Specify section of Info directory.

−noheader

Suppress header in generated documentation.

−noindex

Do not build index for Info files.

−notrailer

Suppress trailer in generated documentation.

Options for generating dot graphs

The following options apply in conjunction with the −dot option:
−dot-colors 
colors

Specify the colors to use in the generated dot code. When generating module dependencies, ocamldoc(1) uses different colors for modules, depending on the directories in which they reside. When generating types dependencies, ocamldoc(1) uses different colors for types, depending on the modules in which they are defined. colors is a list of color names separated by ’,’, as in Red,Blue,Green. The available colors are the ones supported by the dot(1) tool.

−dot-include-all

Include all modules in the dot(1) output, not only modules given on the command line or loaded with the −load option.

−dot-reduce

Perform a transitive reduction of the dependency graph before outputting the dot code.
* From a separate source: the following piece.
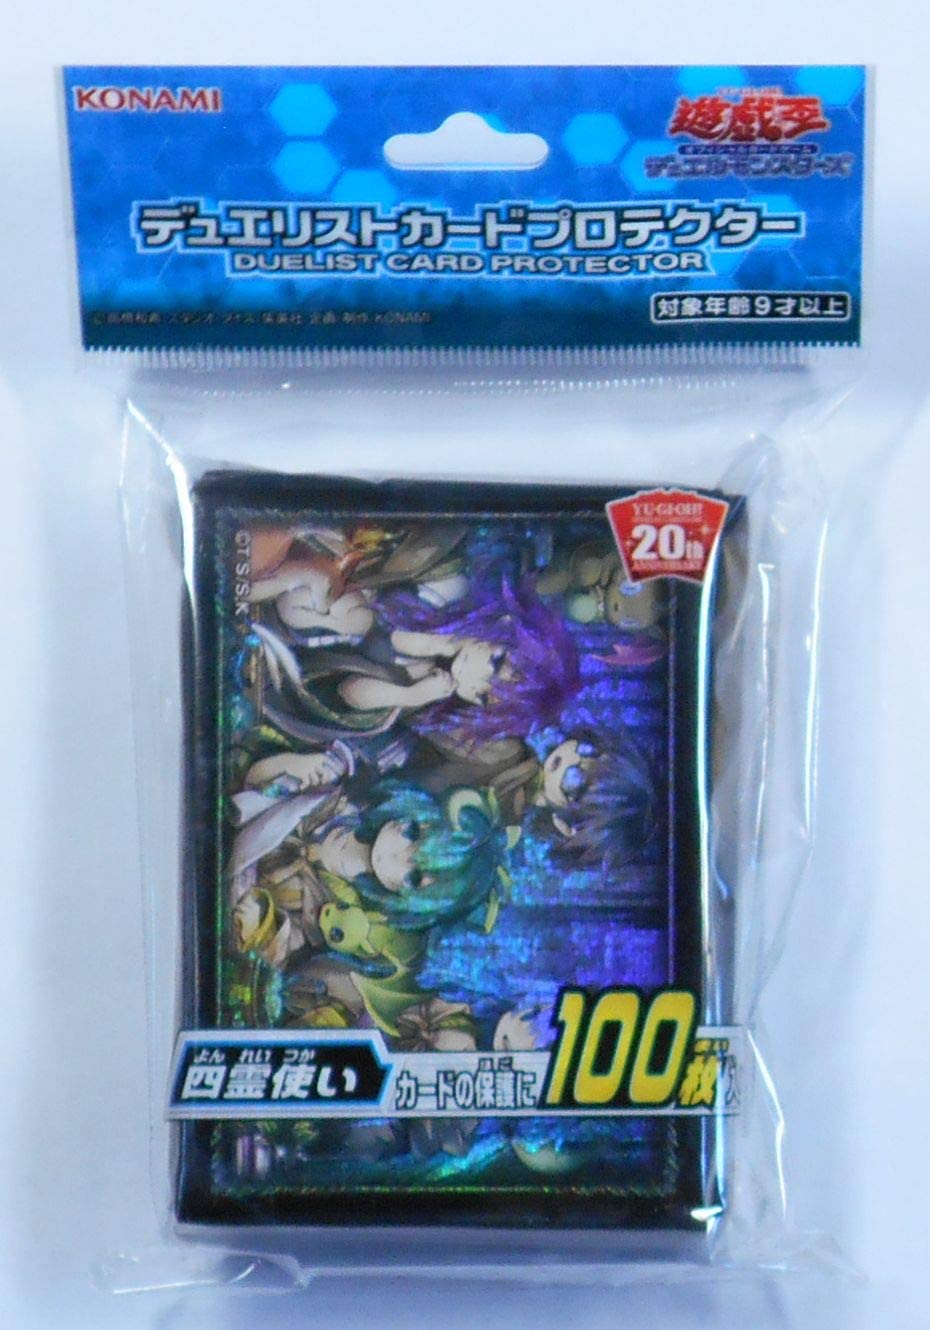 20TH ANNIVERSARY SILVER Sleeves 55pcs Yugioh Japanese Duelist Card Protector

This can be useful if there are a lot of transitive dependencies that clutter the graph.

−dot-types

Output dot code describing the type dependency graph instead of the module dependency graph.

Options for generating man files

The following options apply in conjunction with the −man option:
−man-mini

Generate man pages only for modules, module types, classes and class types, instead of pages for all elements.

−man-suffix

Set the suffix used for generated man filenames. Default is ’o’, like in List.o.

SEE ALSO

ocaml(1), ocamlc(1), ocamlopt(1).
The Objective Caml user’s manual
, chapter "The documentation generator".